Shouldn't your parable be that US surgeons who want to sell their services in Canada have to accept Canadian rates, even for Americans who travel to Canada for surgery? You make it sound coercive, yet no one forces the pharmaceutical companies to sell their wares in Canada.
No it isn't about free trade or anything like that, sorry. The Pharmas can do what they want, not allowing legal re-importation allows the Pharmas to not have to play the bad guy and limit the quantity they sell to our neighbors.

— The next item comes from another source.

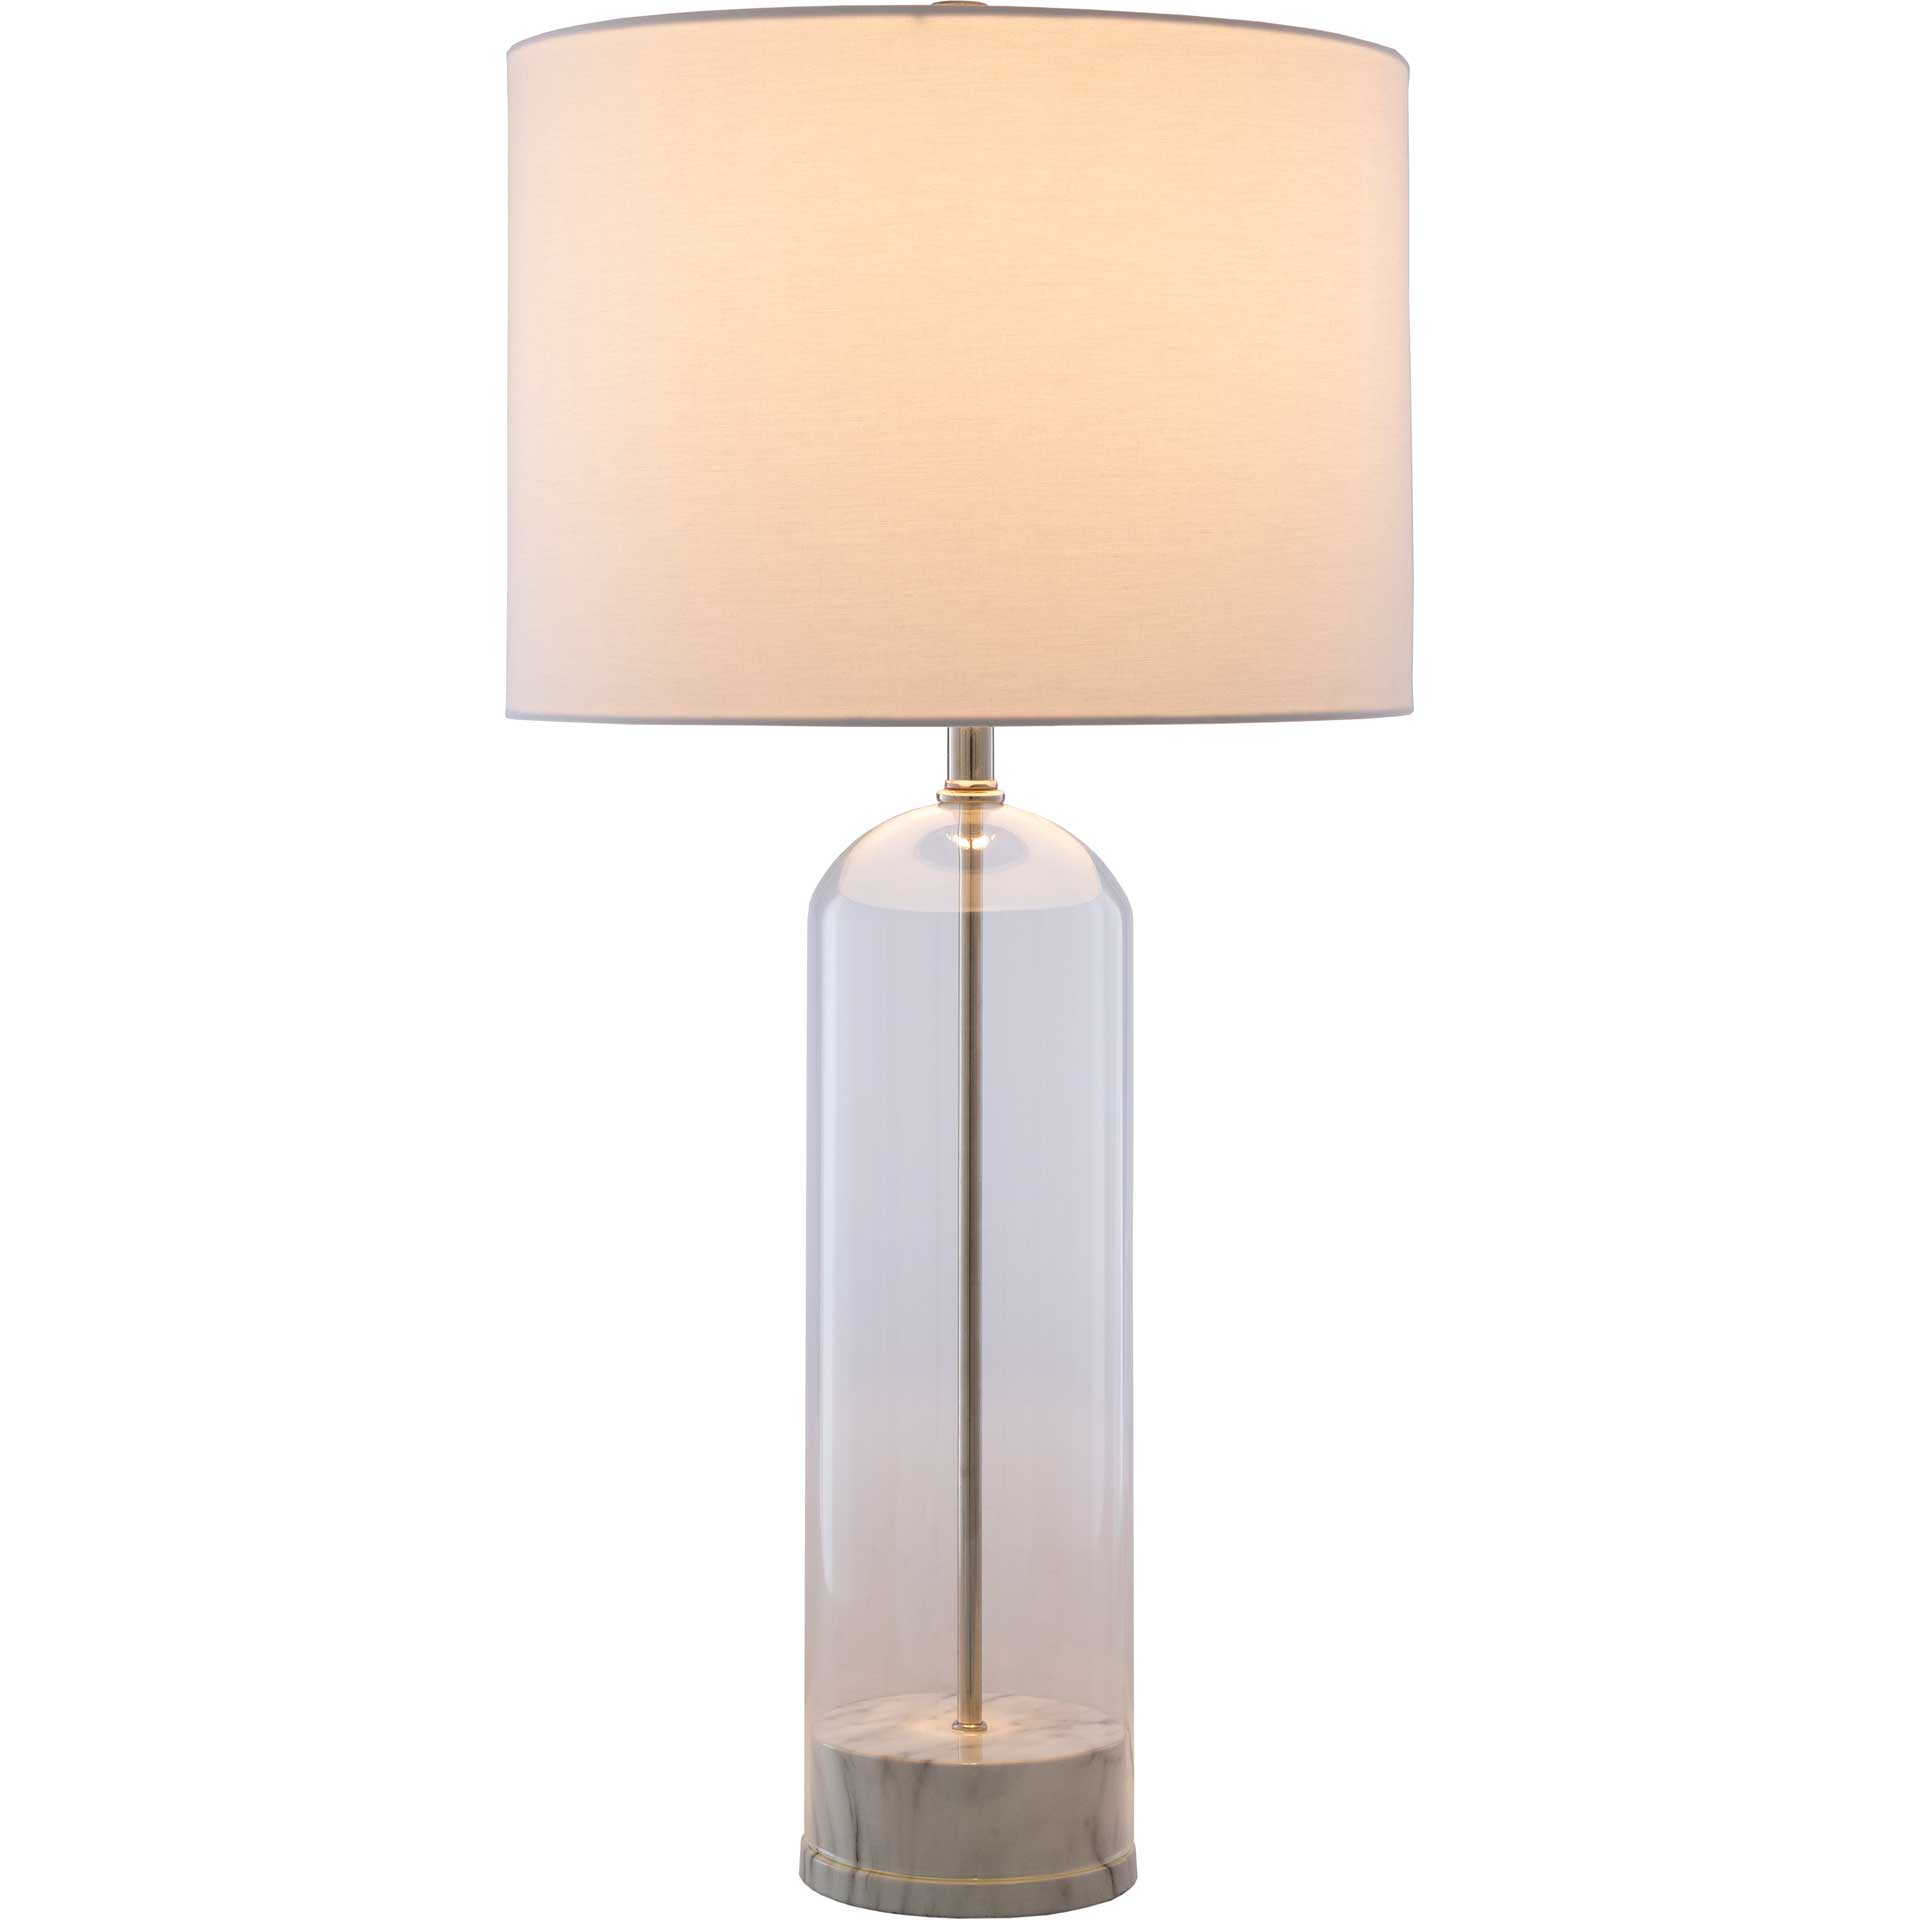 Carlos Table Lamp White/Light Gray

Restricted medical licensing is all about controlling the supply of physicians, it isn't even remotely about the quality. Just ask yourself how many kids take the MCATs multiple times, how many apply multiple times before getting into med school. Do you really think that additional year or two bulking up their application really makes them a better doctor? Ask your self another question: at which point in a routine medical exam do you need a access to a trained surgeon? Given the arsenal of diagnostic kits in use why not allow an RN to handle routine medical care. While I absolutely want an MD doing the job in te case of open heart surgery, I really don't need one to take a punch biopsy on a mole.
That said I am not suggesting that physicians bear the whole blame for our astronomical medical costs, or that they do not play an important role.
Lotterman's column does not address the reimportation issue. Why should US citizens not be allowed to buy products from other countries, even if they were originally made in the US?